Младший Махонь приехал сегодня на машине из соседнего города. Последние дни он был очень занят, а перед этим неделю отсутствовал, так что не виделся со старшим братом добрые две недели. «И чего мне тут надо? Мне и своих забот хватает. Но каков братец? Скажите пожалуйста! Он осмелился пригласить пана Швару! Пан директор — старый хрен, с допотопными взглядами, но в нашем городе он кое-что значит и многое может».
Трое сидят за столом, а говорить им не о чем. Над ними висит облачко едкого дыма.
Пан Махонь ушел в кухню, пробыл там порядочно, а вернувшись, сказал:
— Еще не кипит.
Паи Швара, вероятно, не слышал его, а брат спросил:
— Что не кипит?
— Вода. Вода для кофе.
— Ах, вот что! Пан директор не пьет, ты не пьешь, так что же вы варите? Если не капусту, значит, глинтвейн? — рассмеялся младший Махонь.
«Выскочка!» Кадильница выпустила дым.
— Какой там глинтвейн! Нет, нет! Зря искушаешь, — замахал старший брат тощими руками.
— Я бы на вашем месте не смеялся, пан… как вас там… Если так пойдет дальше, однажды мы проснемся и не увидим даже вашей пресловутой капусты. Дело это серьезное. Риса я уже целую вечность не видел, о шоколаде просто надо забыть, мы, пан… мм… катимся вниз, и никто не скажет — куда. Я, во всяком случае не знаю.
— Война.
«Зачем ты споришь с выскочкой?» — предостерег внутренний голос, но Швара не мог удержаться.
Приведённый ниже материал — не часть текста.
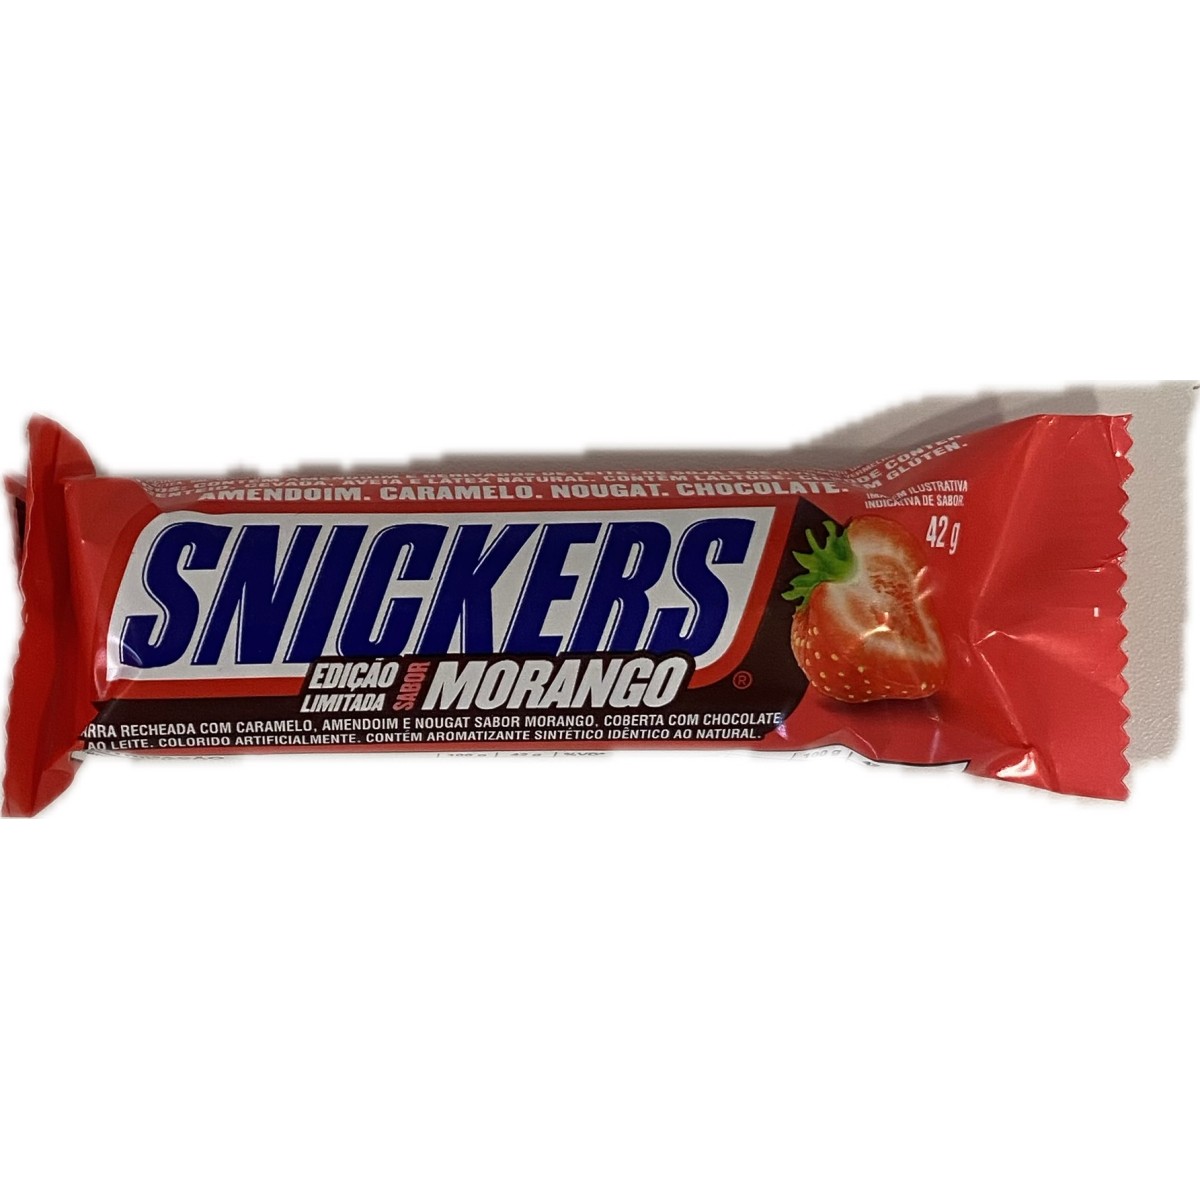 Snickers aardbei

— Все валят на войну, и все на нее ссылаются. Решительно все. А разве я ее начал? Если я ее не начинал, почему я должен во всем себя ограничивать?
— Хорош!
— Что вы изволили заметить?
— Хорош!
— Вот как! Вы слышите? — Швара сунул в рот сигару, ища взглядом поддержки у старшего Махоня. Но тот встал и вышел в кухню.
— Вы не желаете понять простейших вещей. Во время войны все должны приносить жертвы. Вы жертвуете рисом и шоколадом. А солдат на фронте жертвует жизнью. Да, жизнью, потому что это война, пан Швара…
— Неслыханная зависимость! Что у меня общего с солдатами? С кем вы меня сравнили? Пан Махонь! Не угодно ли вам пожаловать сюда! Ваш брат говорит мне ужасные вещи! — восклицал Швара, заметавшись в кресле Гекша.
— Вода кипит. Я мелю кофе.
— Да, — беспомощно произнес Швара. Только теперь он осознал свое положение.
— Сейчас война, пан Швара. Стреляют даже в Правно. Нельзя закрывать глаза на такие факты.
— Вы говорите об этом типе? Я и фамилии его не знаю. Мне-то какое до него дело? Вообще какое мне дело до всего этого? Пан Махонь, не угодно ли вам пожаловать сюда? Ваш братец…
— Я мелю кофе.
— Вот как…
— Я сейчас из больницы. Раненому жандарму плохо. Раздроблена кость ниже колена. Врачи говорят, что надо подождать несколько часов и, если состояние больного не улучшится, ногу ампутируют. Вы думаете, пан Швара, легко пожертвовать ногой?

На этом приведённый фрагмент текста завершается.